For simplicity, we will examine Simpson's paradox by focusing on two cohorts, adult men and women.
Examining these data we can make three statements about three variables of interest:
- Gender is an independent variable (it does not “listen” to the other two)
- Treatment is gender dependent (as we can see, in this context the level administered is gender dependent; for some reason, women have been given a higher dose).
- The outcome depends on both gender and treatment.
According to this we can draw the causal graph as follows
Note how each arrow helps communicate the statements above. Equally important, the lack of an arrow pointing toward gender conveys that this is an independent variable.
We also observe that having arrows pointing from Gender to Treatment and Outcome is considered a common cause Among them.
The essence of Simpson's paradox is that although the outcome is affected by changes in treatment, as expected, there is also a back door path Information flow across gender.
The solution to this paradox, as you may have guessed by now, is that the common cause Gender is a confounding variable that needs to be considered. revised.
Controlling a variable, in terms of a causal graph, means eliminating the relationship between Gender and Treatment.
This can be done in two ways:
- Pre-data collection: setting up a Randomized control trial (RCT) in which participants will be given a dose regardless of their gender.
- Post Data Collection: As in this fabricated scenario, the data has already been collected and therefore we need to address what is known as Observational data.
In both pre- and post-data collection, removing the dependence of gender on treatment (i.e., controlling for gender) can be accomplished by modifying the graph so that the arrow between them is removed as follows:
The application of this “graphic surgery” involves modifying the last two statements (for convenience I will write all three):
- Gender is an independent variable
- Treatment is an independent variable
- The outcome depends on gender and treatment (but without an alternative route)
This allows us to obtain the causal relationship of interest: we can evaluate the direct impact of the treatment modification on the outcome.

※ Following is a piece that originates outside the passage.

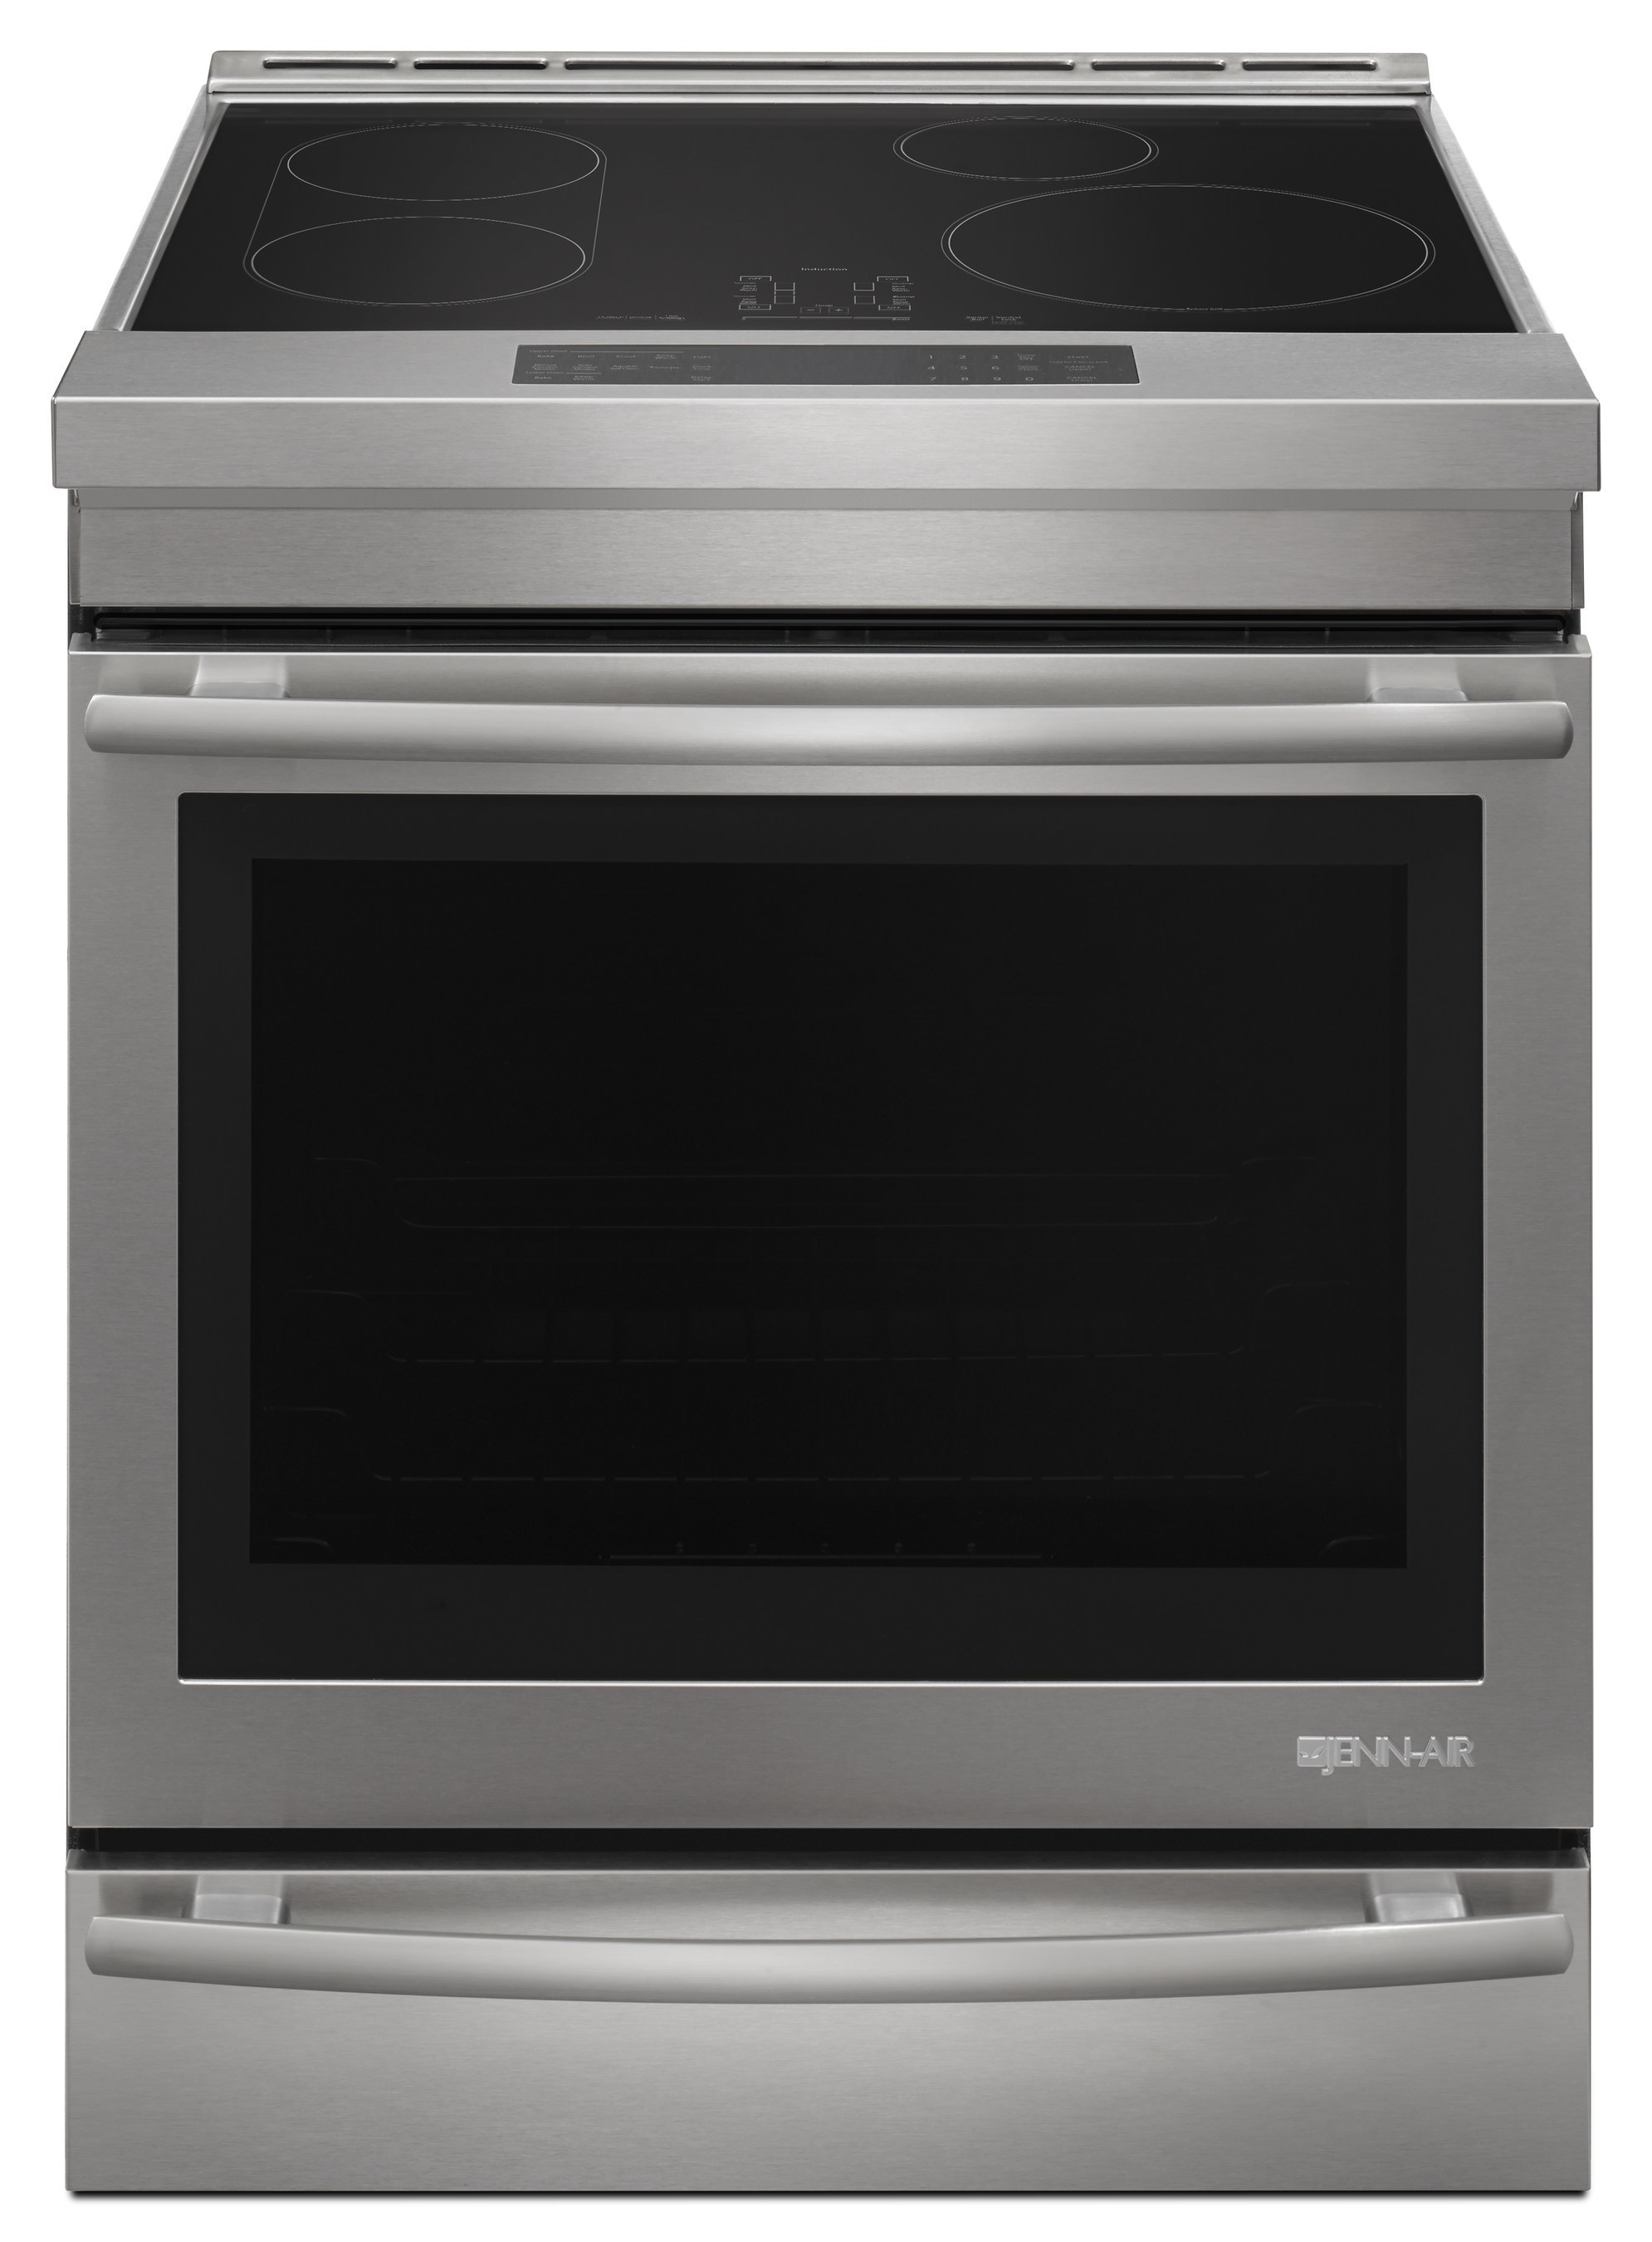 Featuring a full-depth design that easily installs seamlessly into a standard opening, the new Jenn-Air induction range offers increased oven baking capacity and a host of luxury details, from soft-close oven doors to telescoping glide racks.

The process of controlling a confounder, i.e., manipulating the data generating process, is formally known as applying a interventionThat is, we are no longer passive observers of the data, but rather we take an active role in modifying it to assess its causal impact.
How does this manifest itself in practice?
In the case of randomized controlled trials, the researcher must ensure that important confounding variables are controlled. Here we limit the analysis to gender (but in real-world situations other variables such as age, social status, and any other variables that may be relevant to a person's health can be imagined).
RCTs are considered the gold standard for causal analysis in many experimental settings thanks to their practice of confounding variables. That said, they have many drawbacks:
- Could be expensive Recruiting individuals can be tricky. logistically
- The intervention under investigation may not be physically possible or ethical carry out (for example, you cannot ask randomly selected people to smoke or not smoke for ten years)
- The artificial environment of a laboratory is not a real natural environment habitat of the population
On the other hand, observational data are much more widely available in industry and academia and are therefore much cheaper and may be more representative of individuals' actual habits. But, as illustrated in the Simpson diagram, there may be confounding variables that need to be controlled for.
This is where the ingenious solutions developed in the causal community over the past few decades are gaining ground. Detailing them is beyond the scope of this article, but I briefly mention at the end how to learn more.
To solve this Simpson's paradox with the given observation data, one
- Calculate for each cohort the impact of the treatment change on the outcome.
- Calculates a weighted average contribution of each cohort in the population.
We will focus on intuition here, but in a future post we will describe the mathematics behind this solution.
I'm sure that many analysts, like myself, have detected the Simpson effect at some point in their data and, hopefully, have corrected for it. They now know the name of this effect and, hopefully, are beginning to appreciate the usefulness of causal tools.
That being said… being confused at this stage is okay.
I'll be the first to admit that I struggled to understand this concept and it took me three weekends of digging into examples to internalize it. This was the gateway drug to causality for me. Part of my process for understanding statistics is playing with data. For this purpose I created An interactive web application hosted on Streamlit I call this the Simpson Calculator . I will write a separate post about this in the future.
Even if you are confused, the main conclusions from Simpson's paradox are that:
- It is a situation in which trends may exist in subgroups but be reversed for the whole.
- It can be resolved by identifying confounding variables between treatment and outcome variables and controlling for them.
This raises the question: should we control for all variables except treatment and outcome? Let us keep this in mind when solving Berkson's paradox.